Таким образом, в течение десяти или двенадцати часов на каждом пункте кордона могли собраться от шести до восьми сотен казаков.

«Бывало, сотня или две линейных казаков смело бросались в шашки и врезывались во вдвое сильнейшую неприятельскую толпу; но случалось, что те же сотни не решались атаковать холодным оружием несколько десятков абреков и стреляли в них издали, зная, что в рукопашном бою их жизнь можно купить лишь дорогой ценой. Окружив абреков, казаки истребляли их до последнего человека; да и сами абреки не просили пощады. Видя отрезанными все пути к спасению, они убивали своих лошадей, за телами их залегали с винтовкой на присошке и отстреливались, пока было возможно; выпустив последний заряд, ломали ружья и шашки и встречали смерть с кинжалом в руках, зная, что с этим оружием их нельзя схватить живыми».

По черкесским понятиям, всадник, потерявший лошадь, не жилец на этом свете: он будет драться пеший до последней возможности и с таким ожесточением, что заставит наконец убить себя[132].

На укрепления черкесы редко отваживались нападать, но на восточном берегу Черного моря бывали примеры отчаянных штурмов, особенно убыхами. Так, в 1846 году они днем напали на форт Головинский тремя партиями, по два всадника на каждую лошадь. Две из этих партий, подскакав к самому укреплению, под картечным огнем спешились, перебрались через волчьи ямы, ров, палисад и вскочили на бруствер, но были отбиты.

Убыхи вообще отличались дерзостью в набегах и были известны как люди необыкновенно храбрые и энергичные. Славу свою они поддерживали постоянным разбоем у разных племен черкесского народа. Перевалив через Главный хребет, они грабили у махошевцев и у верхних абадзехов. У убыхов существовало особое сословие разбойников: унару, доморазрушители. Партия унару в пять-шесть человек врывалась ночью в аул, бревном выбивала двери сакли, резала сонных жителей, забирала их в плен, грабила имущество, и, пока соседи просыпались, унару уже исчезали и с пленными, и с добычей.

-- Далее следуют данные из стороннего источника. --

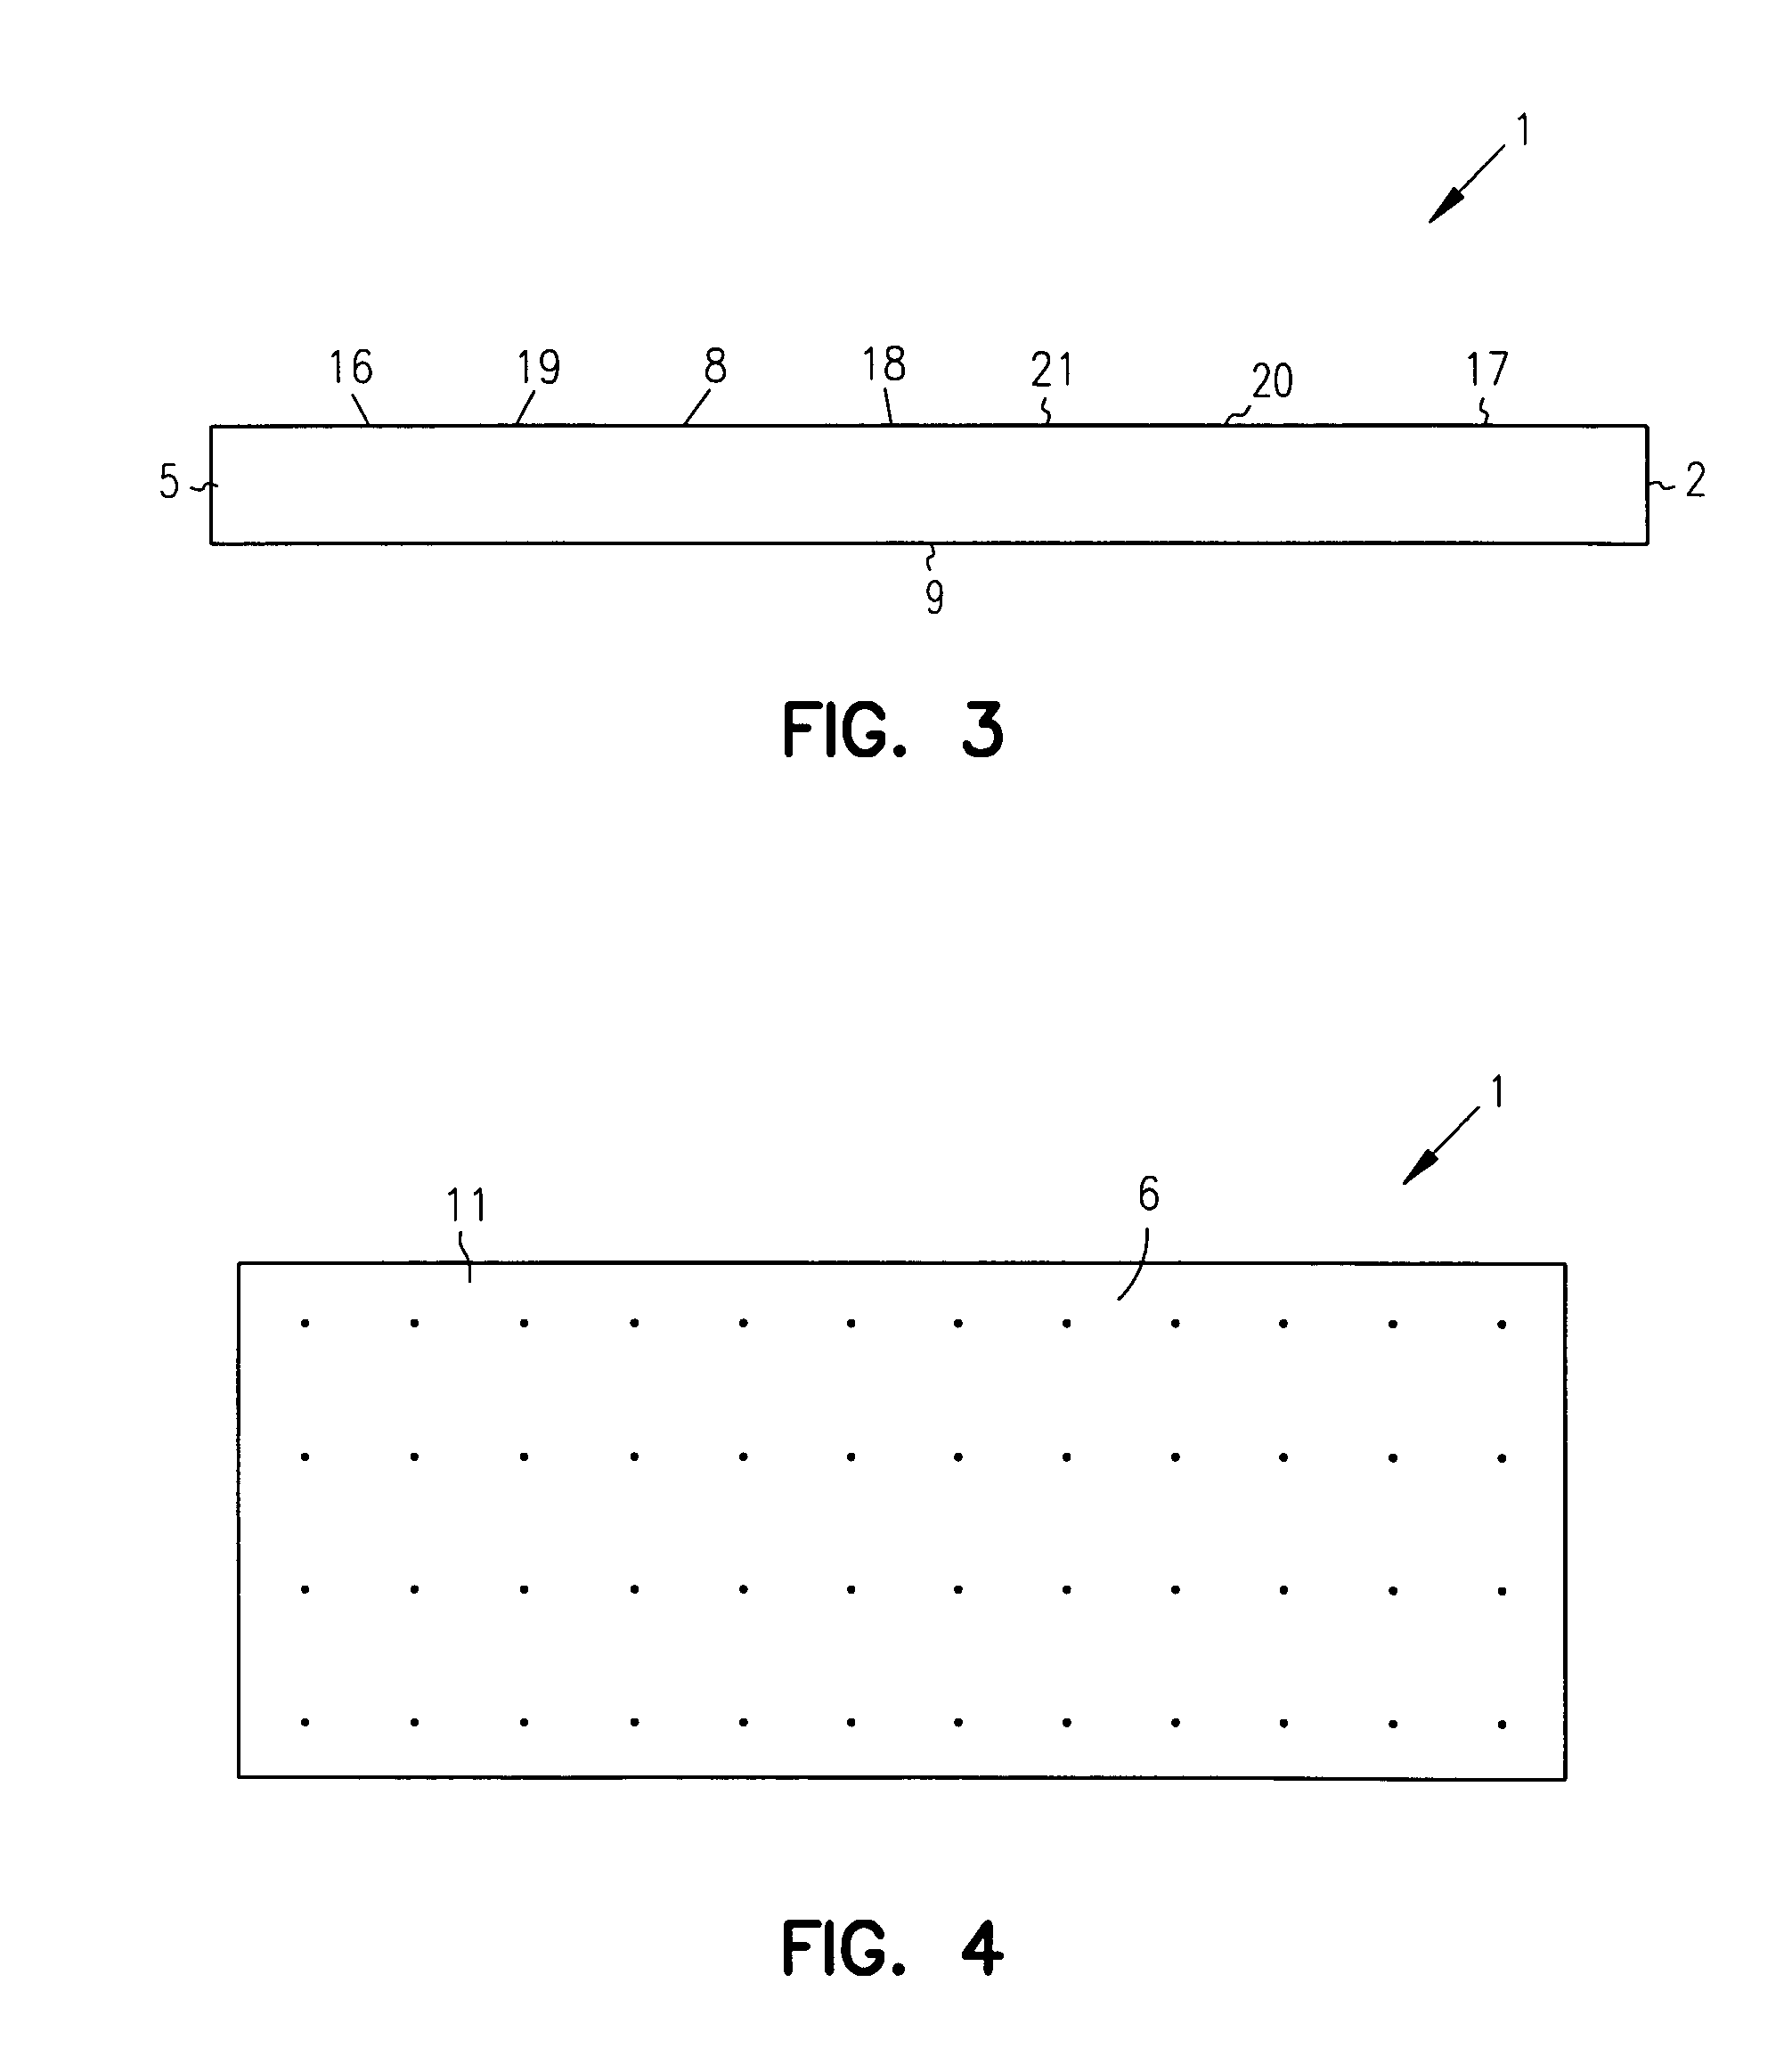 Wood-based product treated with silicone-containing material and dianion, and methods of making the same

Слава и военная репутация убыхов держались на лучшей военной организации, дававшей им превосходство при любых столкновениях с соседями. Перед выступлением в поход большой партией, что бывало обычно зимой, убыхи выбирали предводителя. Им мог быть только человек, известный своей храбростью, который побывал уже в нескольких походах в качестве простого воина, потом, предводительствуя небольшими партиями от десяти до тридцати человек, выказал мужество и организационные способности. Предводитель должен был быть крепкого сложения, переносить холод и голод, чтобы служить примером для остальных.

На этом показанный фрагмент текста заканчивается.